Un sentier mène au point de vue, aérien et silencieux. Les strates claires contrastent avec le bleu profond du large, et la lumière de fin de journée dépose un voile doré sur la roche.

Deuxième jour sur l’île, et déjà la fatigue se fait sentir. Les routes de Corfou en scooter nous secouent sans ménagement : un véritable gymkhana entre les nids‑de‑poule, les virages serrés et les montées abruptes.
Nous prenons la direction de Karousades, au nord, un petit village authentique où le temps semble s’être arrêté. Puis la route côtière nous mène plus à l’est : ici, l’Albanie n’est qu’à quelques encablures, si proche qu’on distingue nettement ses reliefs depuis les points de vue. Cette partie de l’île nous séduit moins, plus balnéaire, plus construite, moins sauvage.
Les kilomètres défilent, et dans notre avancée nous en venons même à oublier la visite du petit port de pêche de Kouloura.Déjà la route s’élève. Nous entamons la longue ascension vers le Pantokrator, point culminant de Corfou, perché à environ 900 mètres. Les virages se succèdent, la végétation se clairsème, et peu à peu l’île se déploie sous nos yeux.

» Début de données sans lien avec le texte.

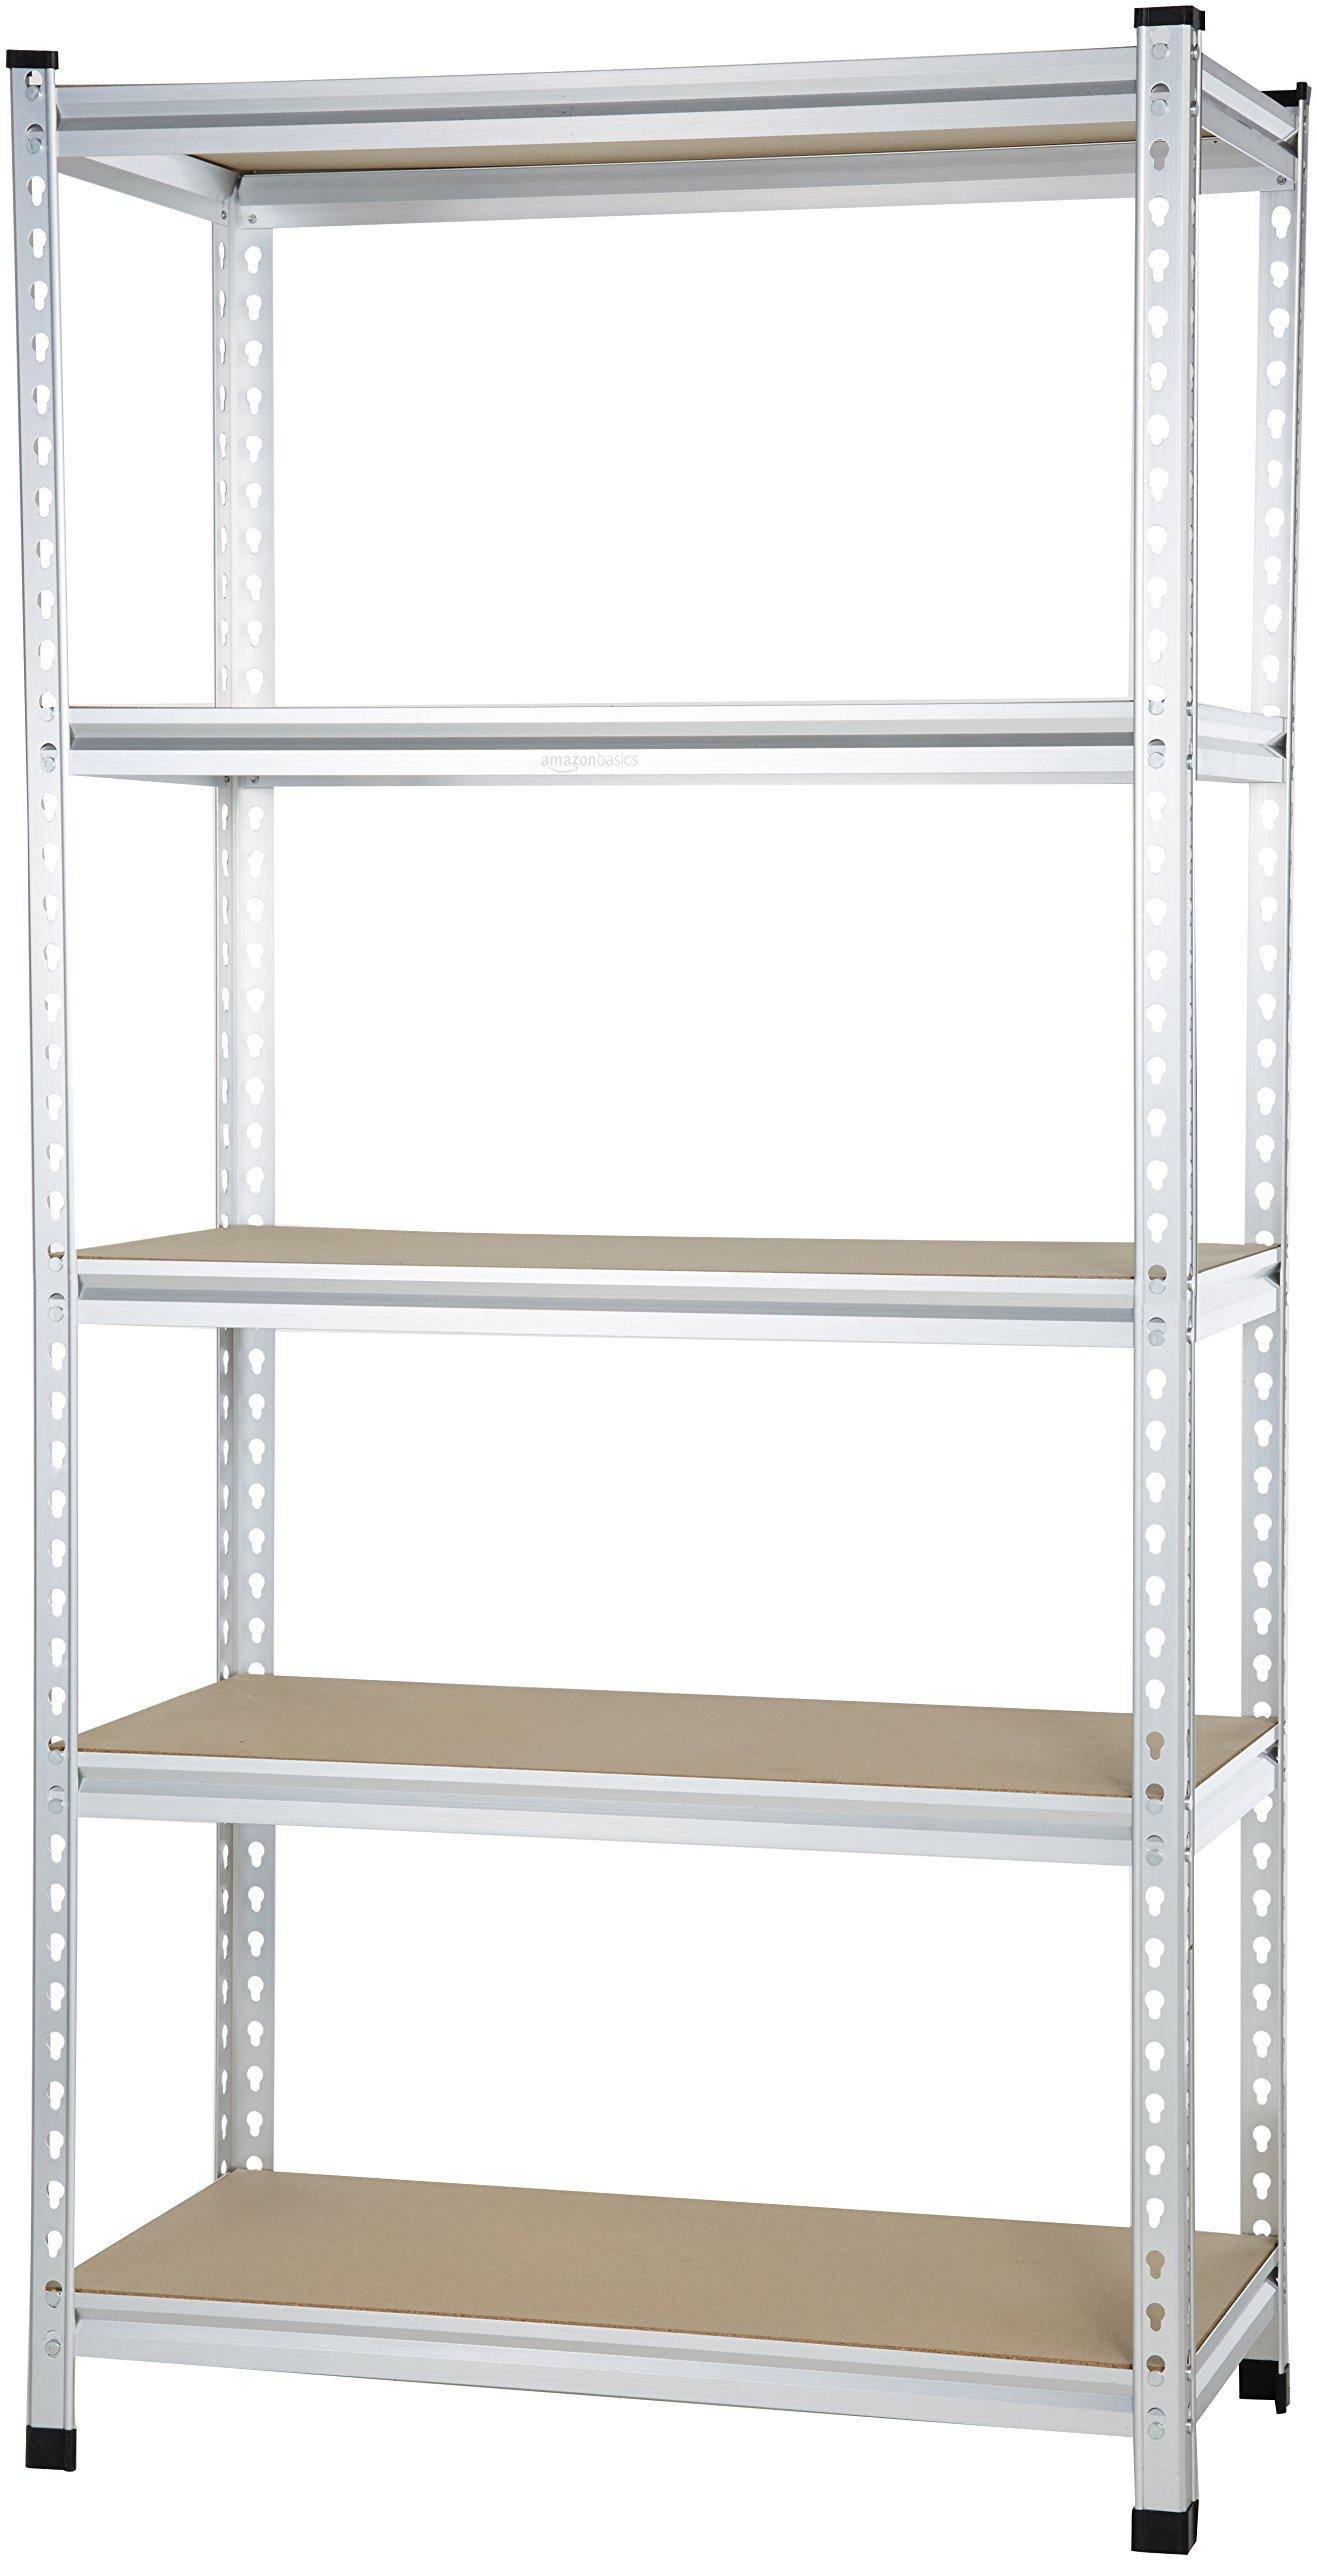 AmazonBasics Medium Duty Shelving Double-Post Press Board Shelf - 36 x 18 x 72

Là‑haut, belle récompense. Un panorama à 360° embrasse Corfou dans son intégralité: les côtes découpées, les villages accrochés aux collines, les plaines intérieures, et au loin, les reliefs de l’Albanie qui semblent flotter dans la brume. Une vision circulaire, presque irréelle, qui donne l’impression de tenir l’île entière dans le creux de la main. Au sommet, le monastère du Pantokrator reste malheureusement fermé en cette fin avril. Mais la vue, elle, compense largement.

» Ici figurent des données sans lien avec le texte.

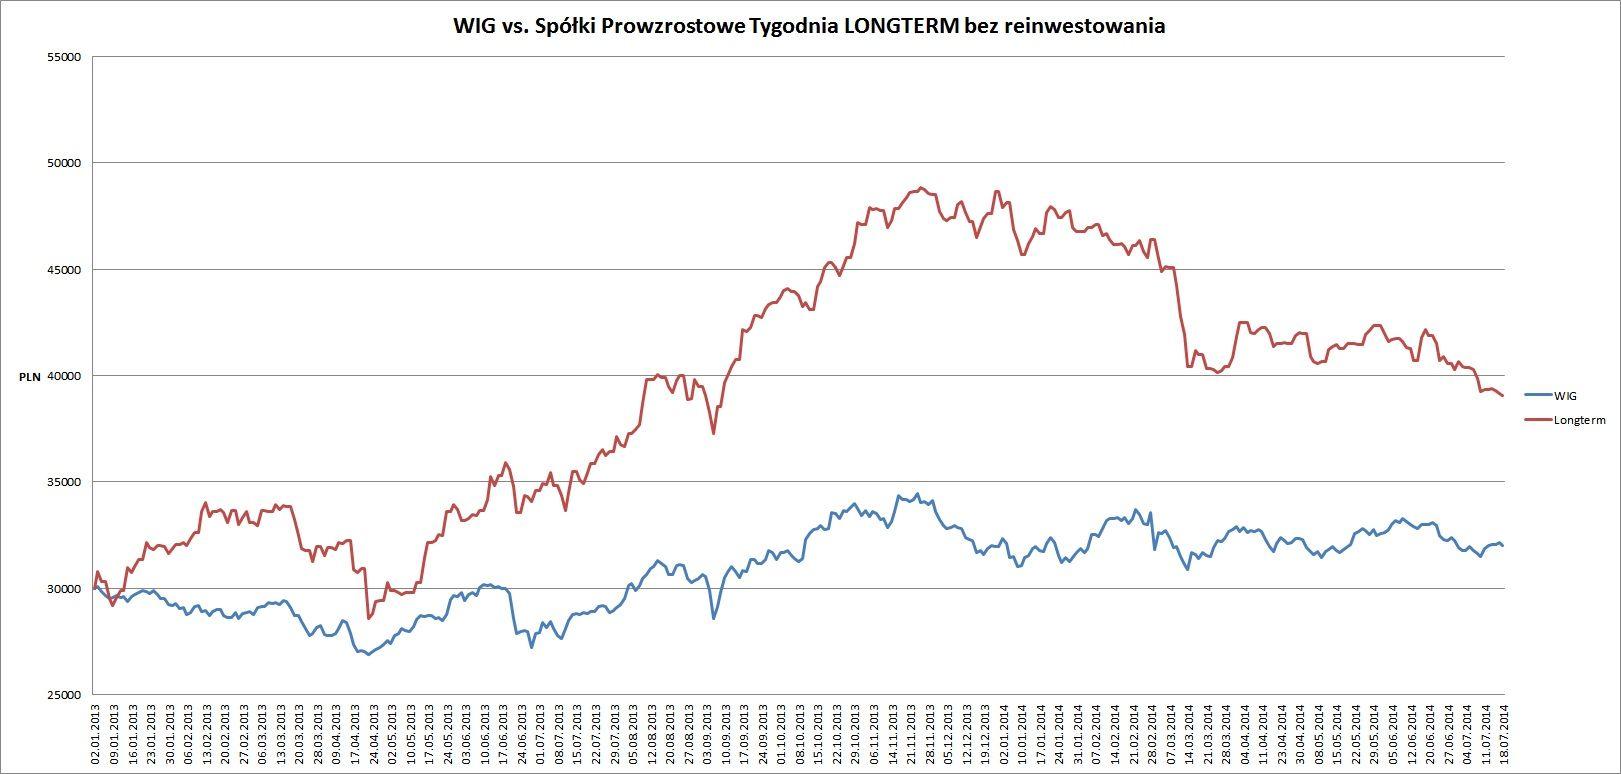 wig vs longterm od pocz. 2013

Notre dernière journée sur l’île est dédiée à la visite de la ville de Corfou qui possède une histoire très ancienne. Fondée par des colons grecs, elle passe successivement sous domination romaine, byzantine, vénitienne, française puis britannique, avant d’être rattachée à la Grèce en 1864. Ces influences multiples ont profondément marqué son architecture et son identité. La vieille ville, classée au patrimoine mondial de l’UNESCO, se distingue par ses ruelles étroites, ses façades pastel, ses bâtiments néoclassiques et ses deux grandes forteresses. La Spianada, vaste esplanade centrale, et les arcades du Liston témoignent de l’héritage européen de la cité.

Corfou est également célèbre pour ses trois forteresses, dont la Vieille et la Nouvelle Forteresse, véritables chefs‑d’œuvre d’ingénierie vénitienne conçus pour protéger la ville contre les attaques ottomanes. L’architecture néoclassique, héritée des périodes vénitienne et britannique, se mêle aux kantounia, ces ruelles étroites aux façades pastel et aux balcons en fer forgé qui donnent à la vieille ville une atmosphère à la fois méditerranéenne et européenne.